═══ DATA SEGMENT

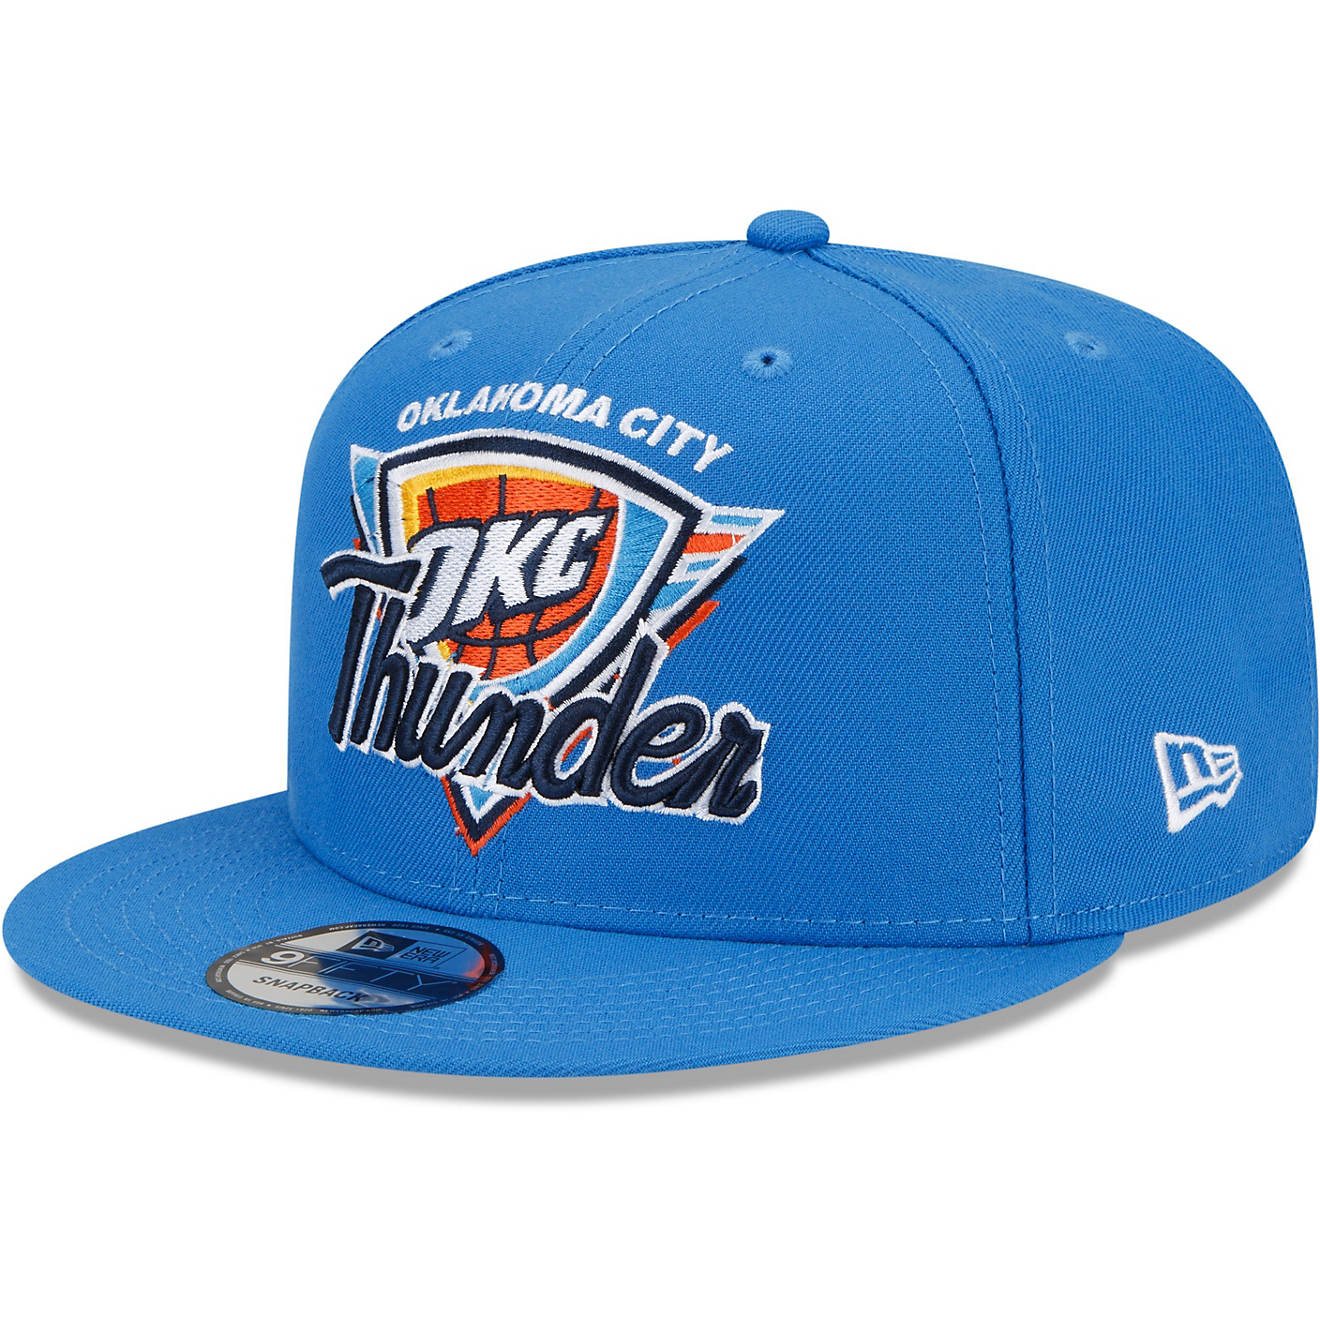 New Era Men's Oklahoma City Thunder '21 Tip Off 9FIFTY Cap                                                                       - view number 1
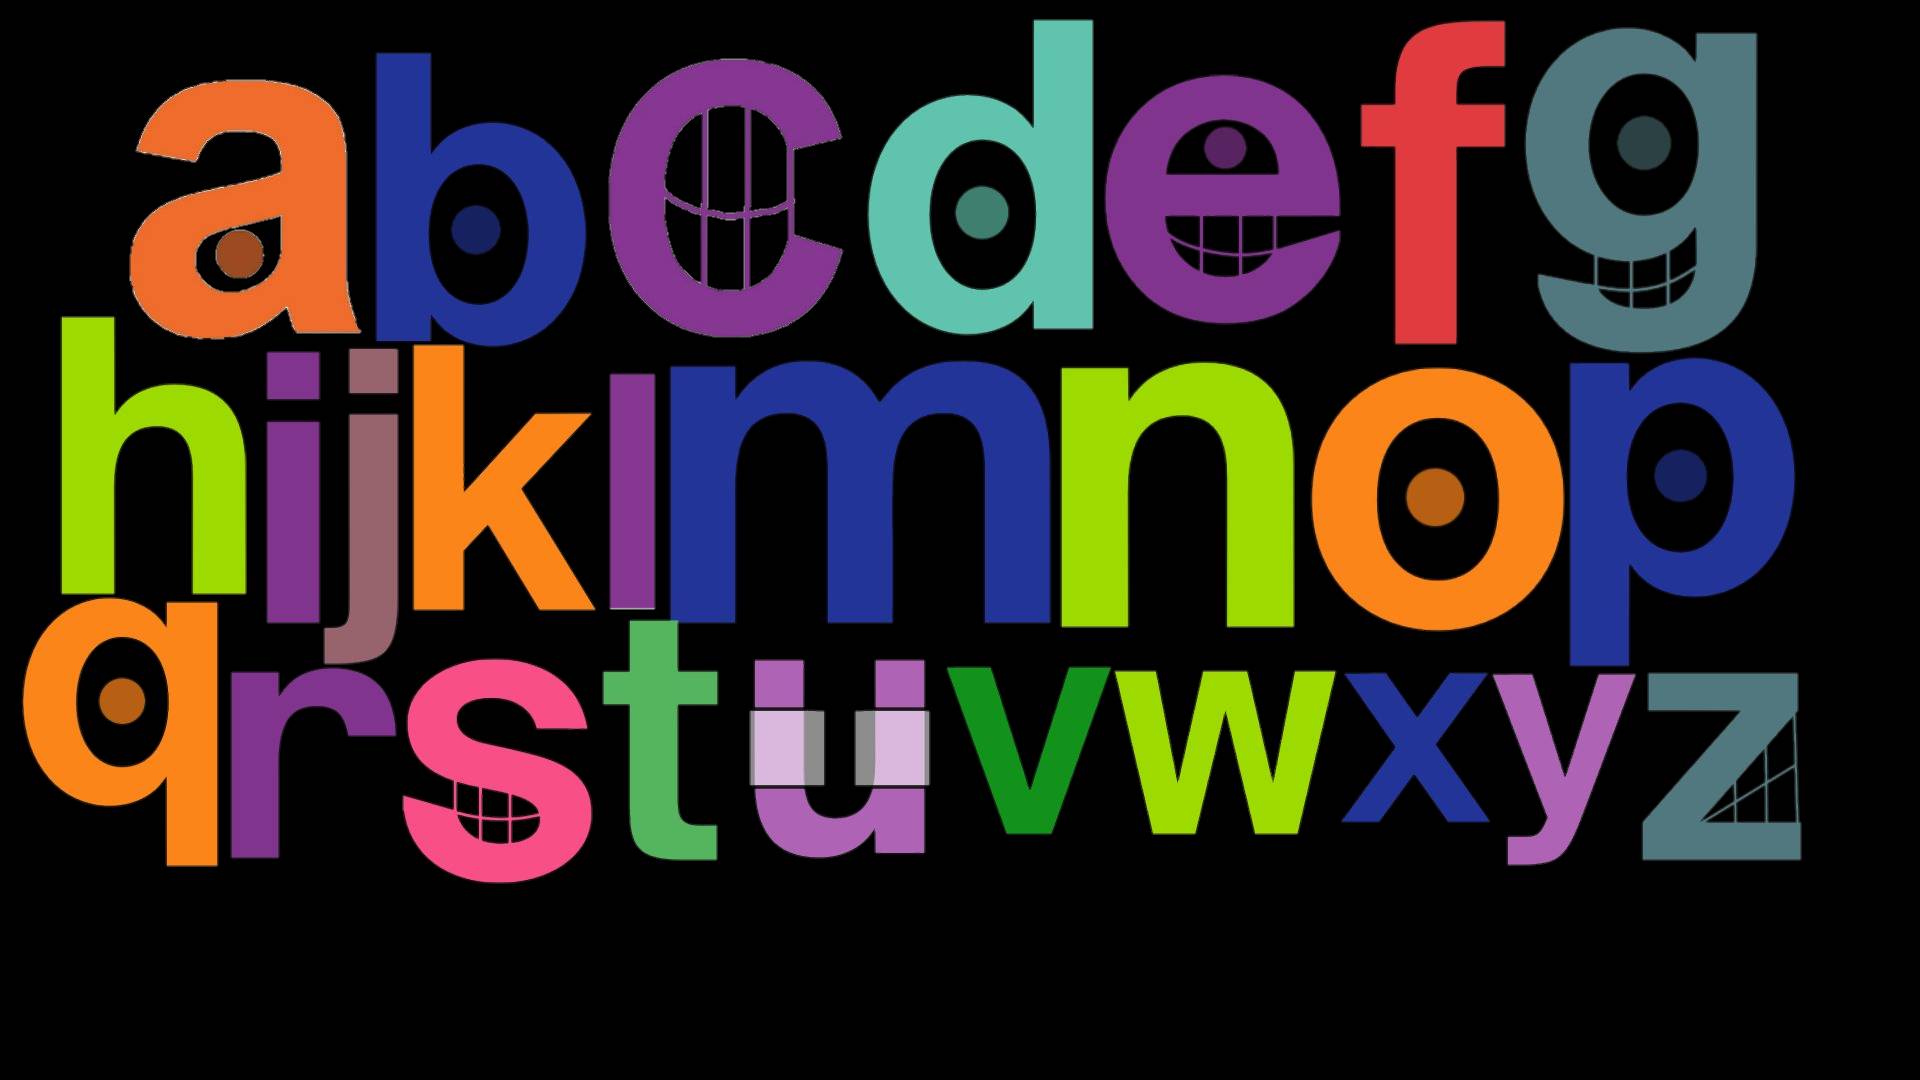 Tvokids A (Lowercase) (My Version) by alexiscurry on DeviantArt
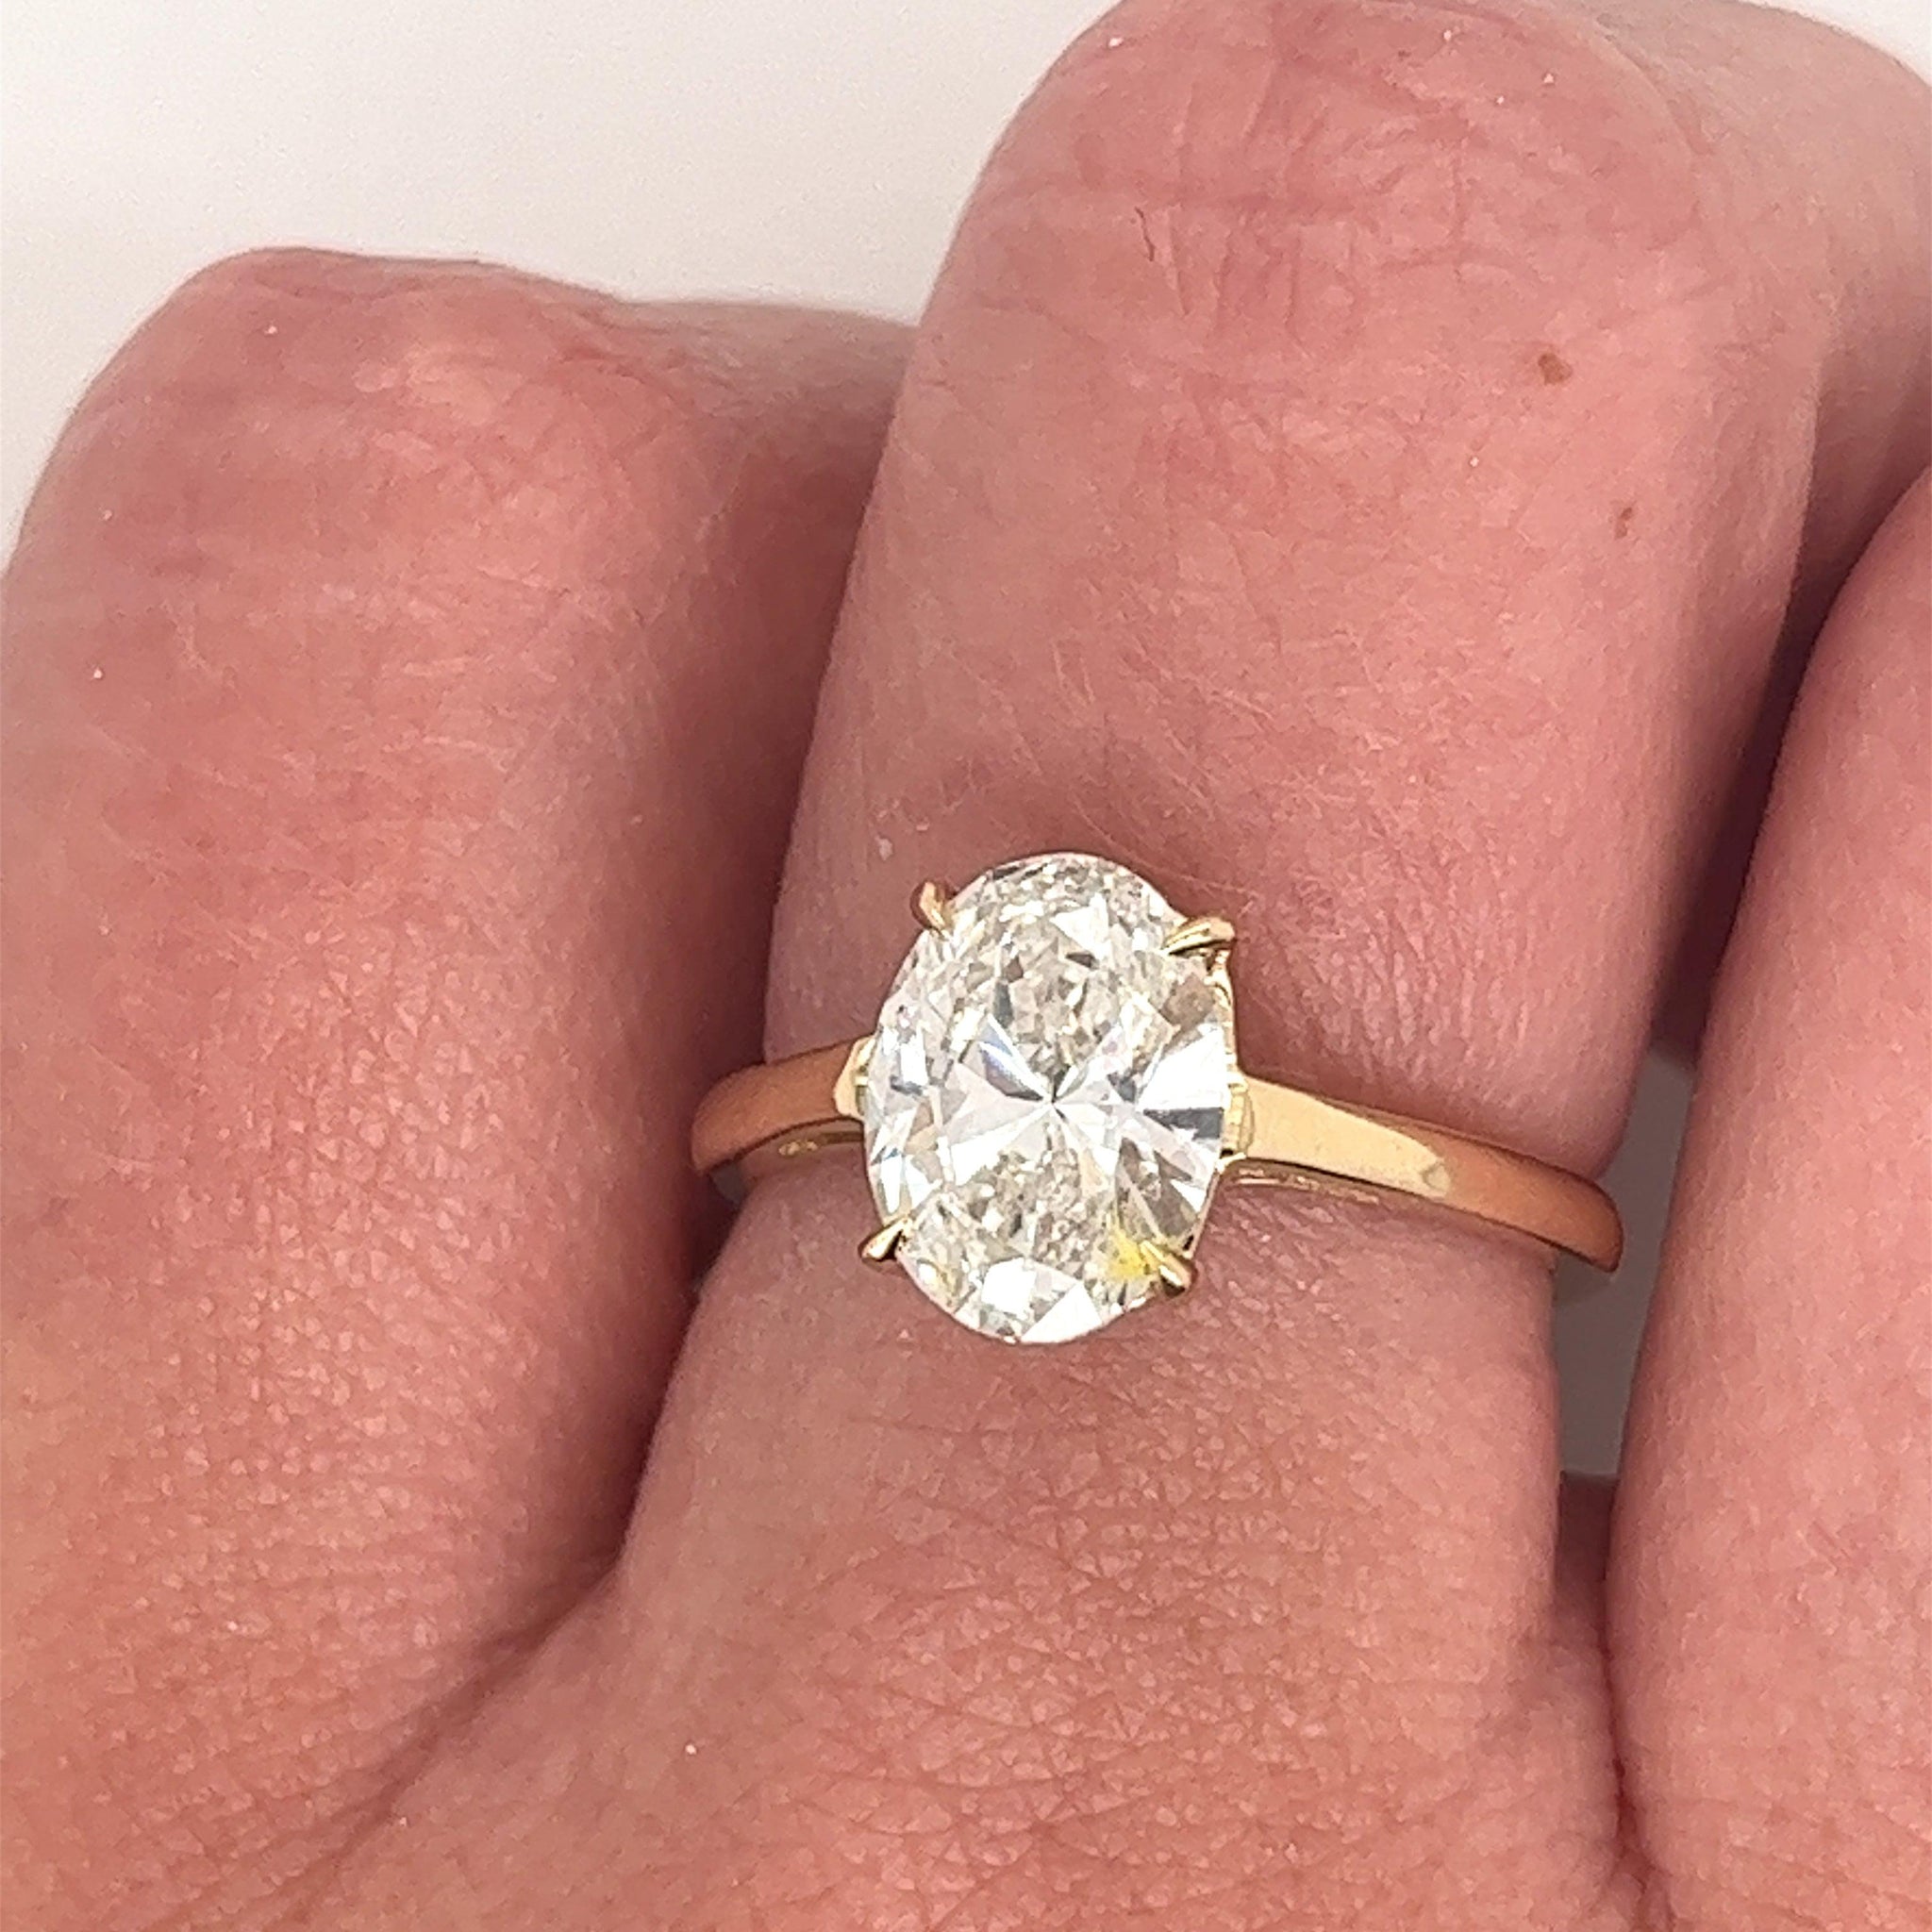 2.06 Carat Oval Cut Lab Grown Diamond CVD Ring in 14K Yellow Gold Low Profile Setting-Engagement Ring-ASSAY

══════

** REQUIRED WORK **
Would you return the data above exactly as written, minus the images?

** RESULT BELOW **
 New Era Men's Oklahoma City Thunder '21 Tip Off 9FIFTY Cap                                                                       - view number 1
 Tvokids A (Lowercase) (My Version) by alexiscurry on DeviantArt
 2.06 Carat Oval Cut Lab Grown Diamond CVD Ring in 14K Yellow Gold Low Profile Setting-Engagement Ring-ASSAY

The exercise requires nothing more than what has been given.